Estimation of the diffusion coefficients of adsorbed and non‐adsorbed solutes in soil

SUMMARY A method is proposed which follows Darrah's experimental procedure and takes advantage of a mathematical solution provided by Carslaw & Jaeger to estimate the diffusion coefficients of adsorbed and non‐adsorbed solutes in soil. The method requires only the values of the concentration of the solute at the input face of a uniform column of soil, C s , and of the total amount, Q t , that has entered the soil after a specified time during which the surface of the block is in contact with a thin porous pad containing a known initial amount of solute, Q 0 , at concentration C 0 , expressed in the same units as C s . In the C s /C 0 vs. Q t /Q 0 space there is a unique relationship between the effective diffusion coefficient, D e , of the solute in the soil and the contact conductance for this solute, h , between the pad and the soil surface. The proposed procedure is firstly to determine D e , and h for a non‐adsorbed solute in the experimental soil using the experimental values of C s /C 0 and Q/ Q for that solute. This value of D e , gives the diffusion impedance factor for the solute in the soil, f , which is assumed also to apply to adsorbed solutes.
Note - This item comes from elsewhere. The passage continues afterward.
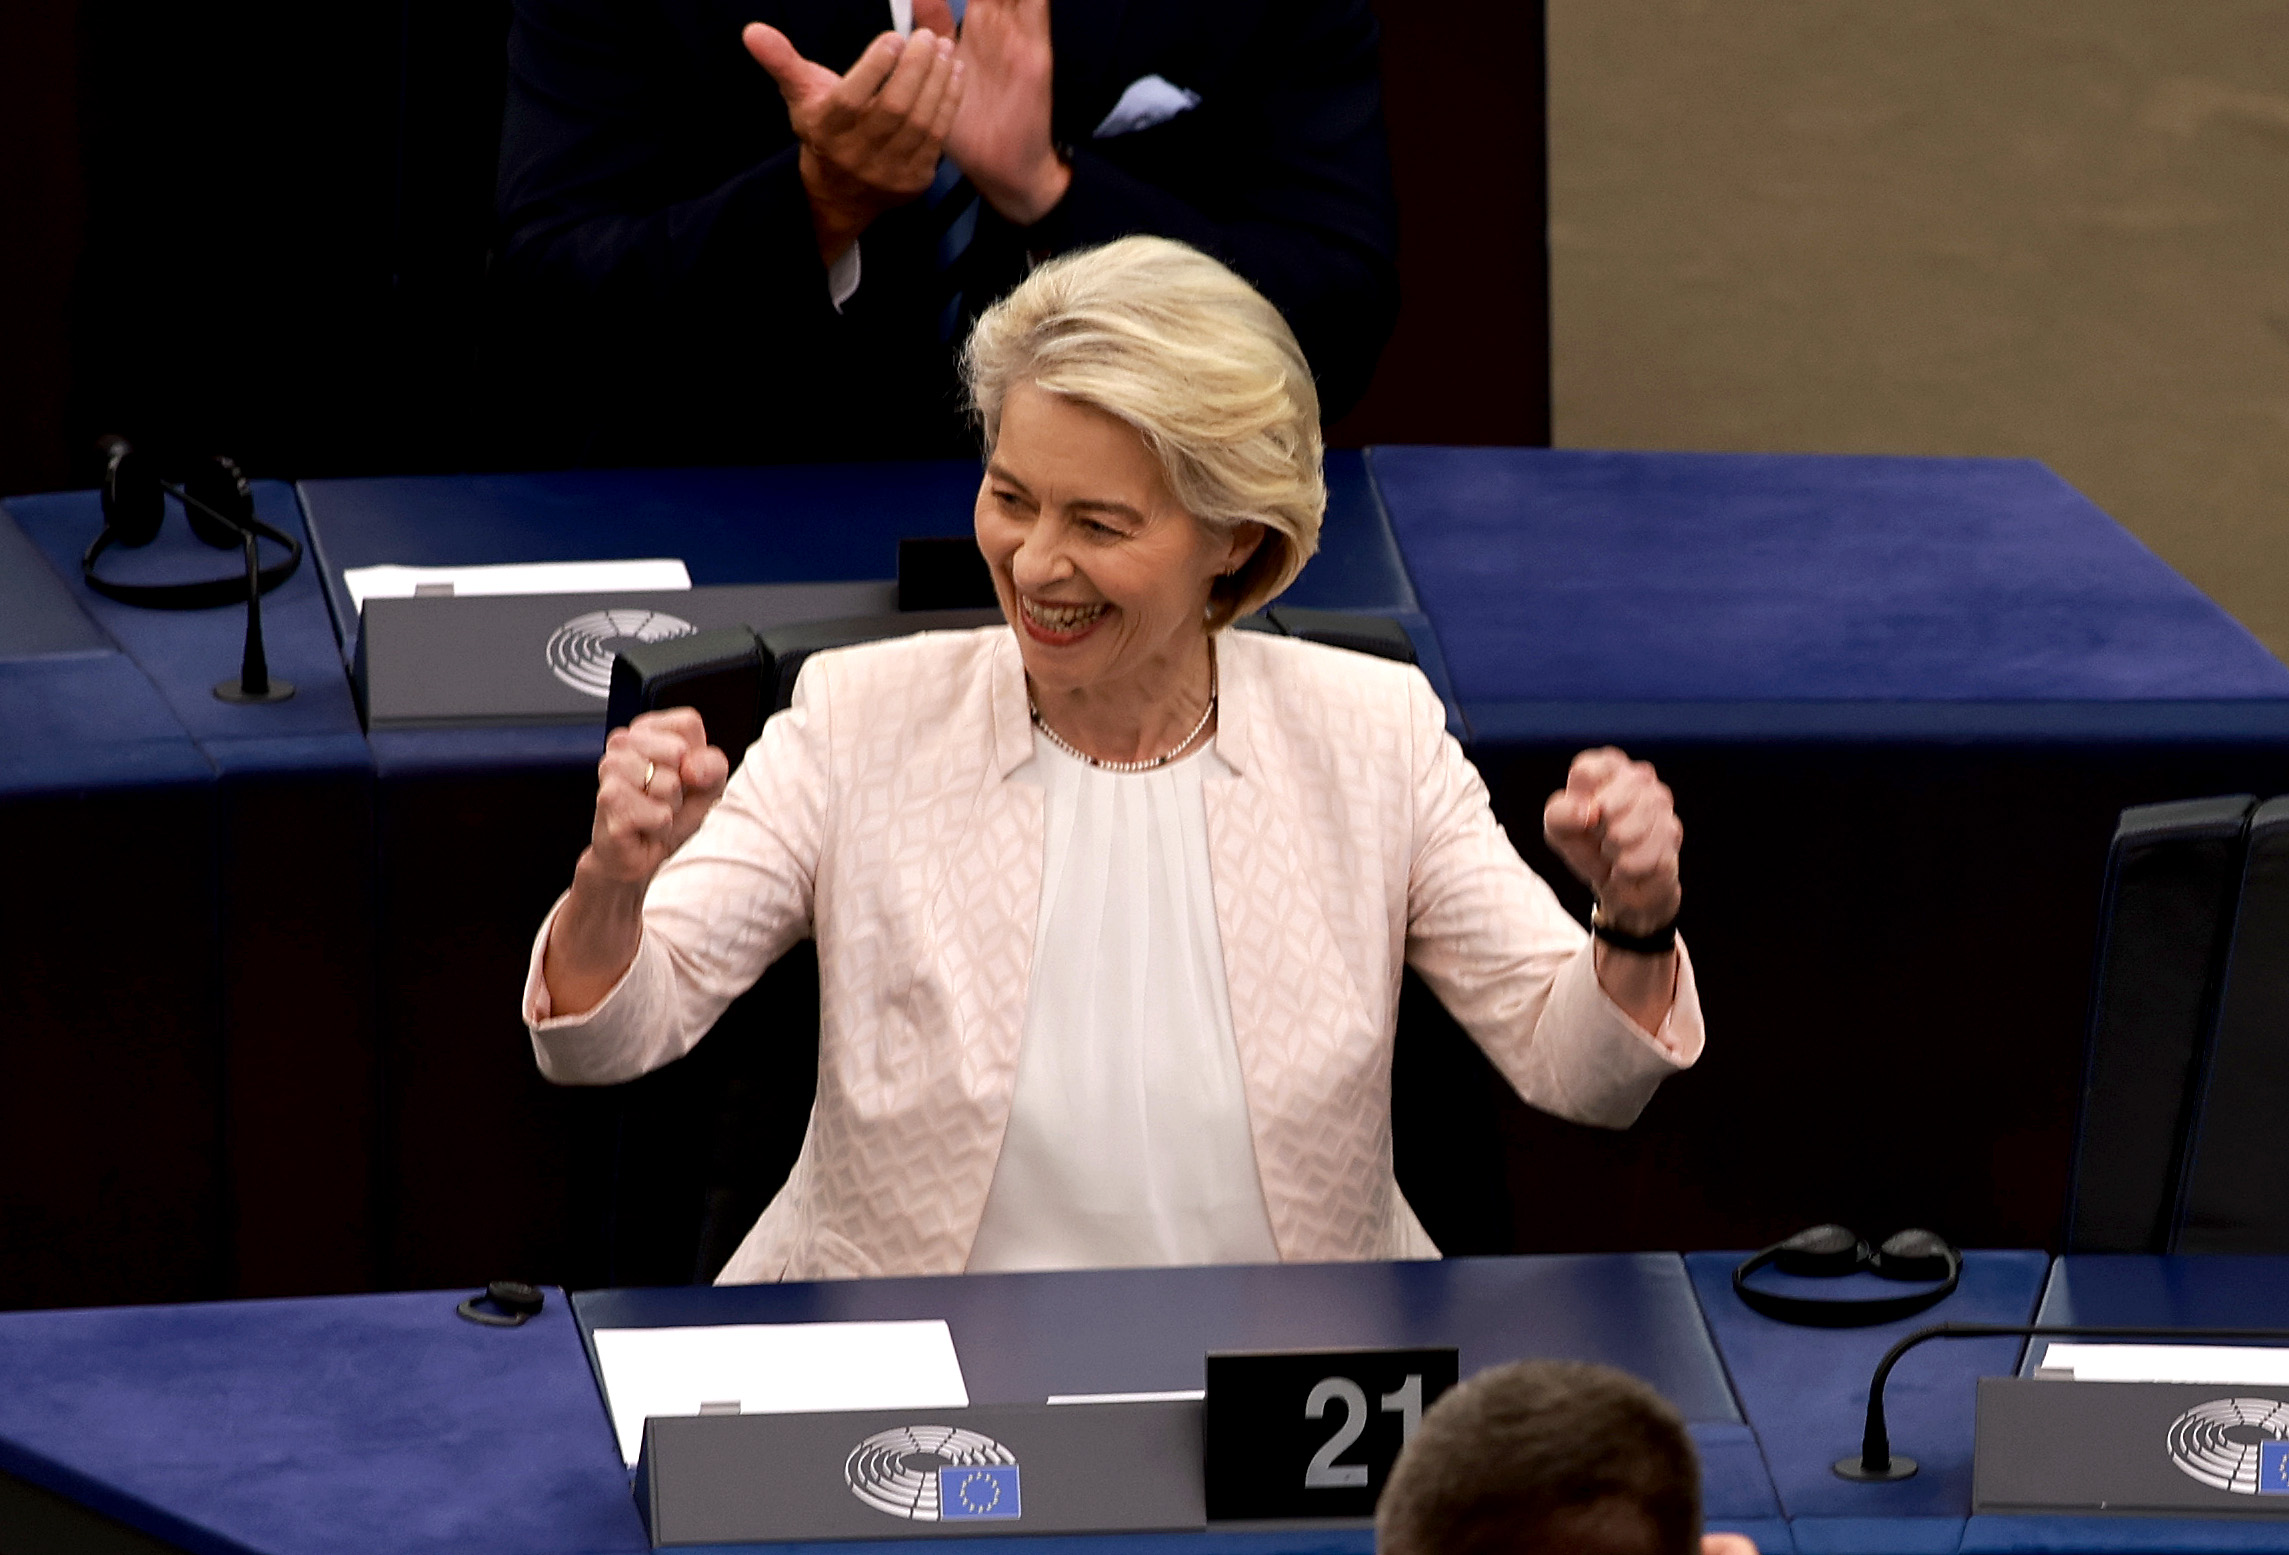 Eldőlt: újabb öt évre Ursula von der Leyen lesz az Európai Bizottság elnöke
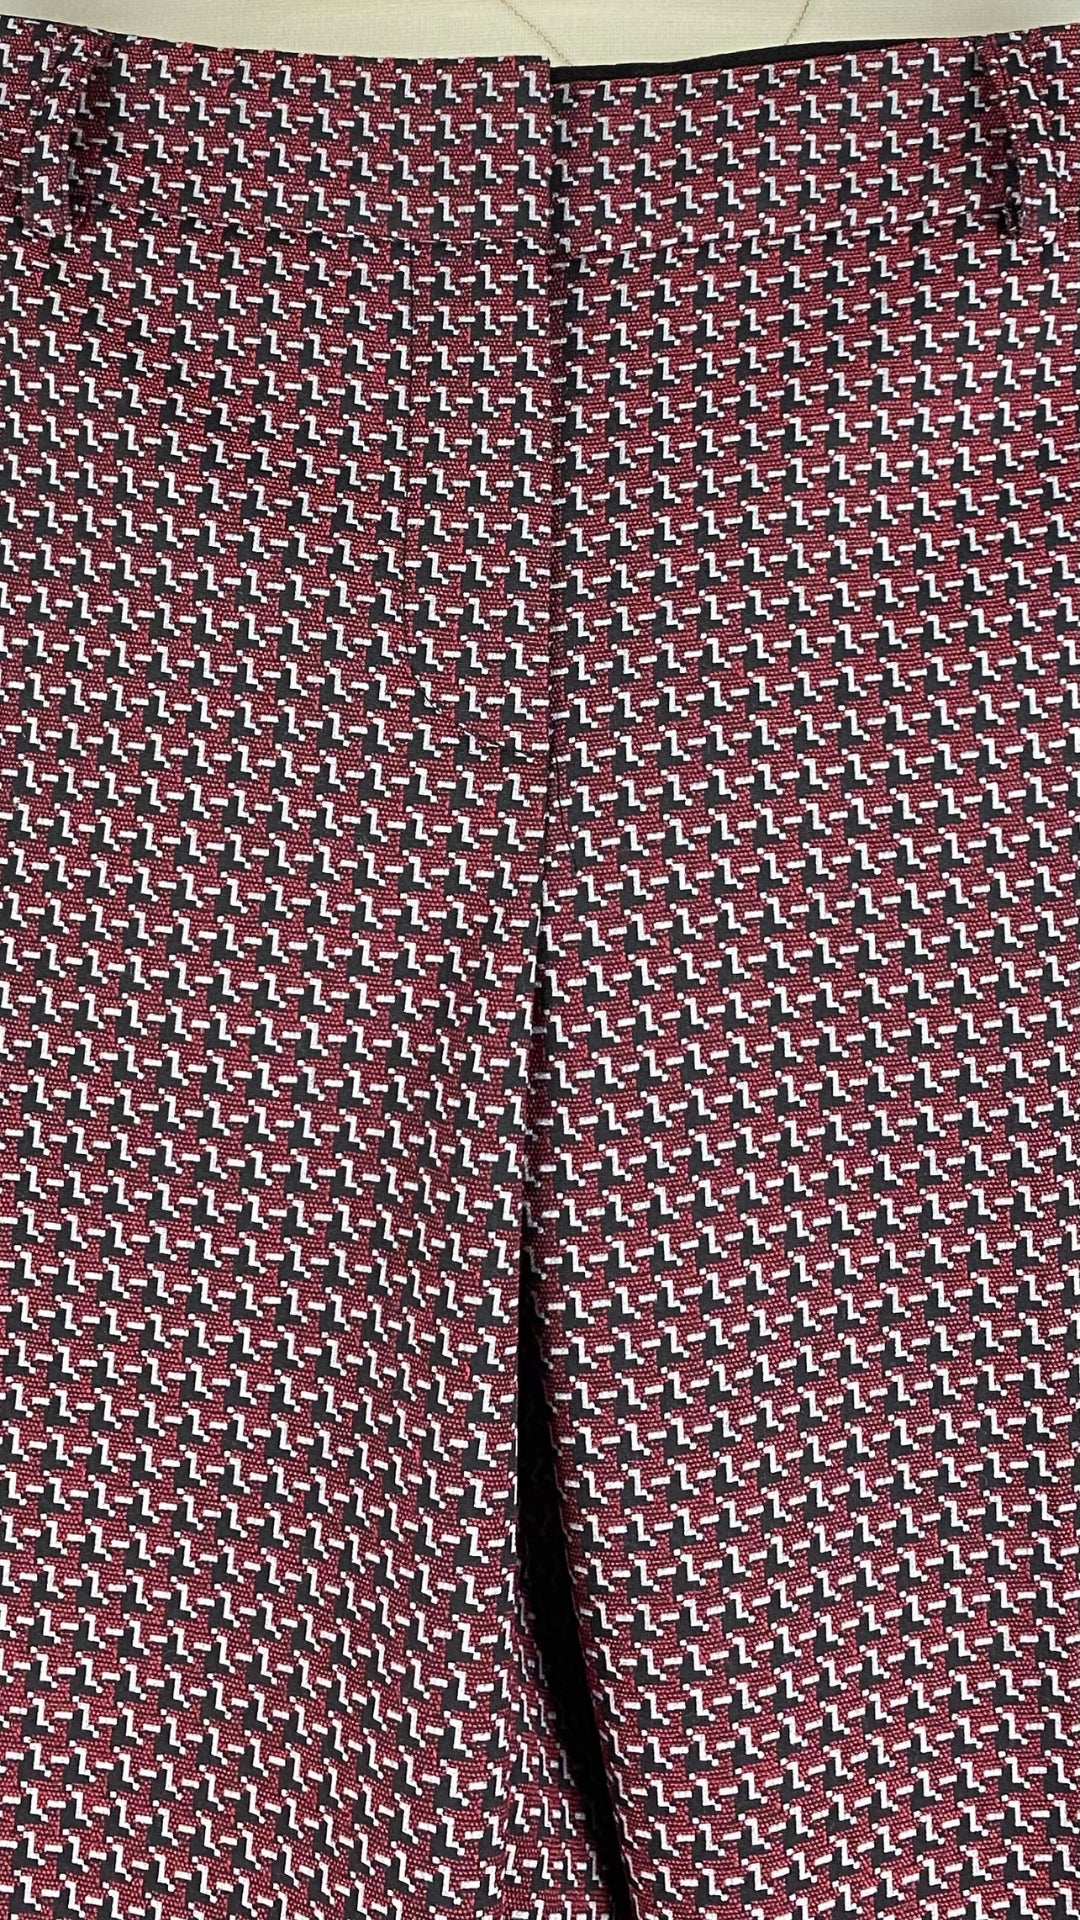 Pantalon coupe droite jacquard à motifs rouge, noir, blanc, Judith & Charles, taille 4. Vue de la taille.

A first estimate of the effective diffusion coefficient of an adsorbed solute, 1 D ea , is then made using f and the diffusion coefficient of the free solute in water, D L , obtained from the literature (i.e. 1 D ea = D L f ). Only if the solute is weakly adsorbed will the values of C s /C 0 , and Q t /Q 0 lie in C s /C 0 , vs. Q t /Q 0 , space as defined by 1 D ea and the contact conductance, h . Instead a second space relating C s /C 0 and Q t /Q 0 , is now constructed from nominated values of h and D e , where D e , is defined in terms of 1 D ea , the adsorption coefficient, F , and the volumetric moisture content of the soil, θ. The position of the experimental values of C s /C 0 , and Q t /Q 0 within this new space defines h and the actual D e , and F of the solute as it diffuses and is adsorbed in the soil. The advantages and limitations of the method are discussed. In particular, the method assumes that the adsorption process is linear and reversible.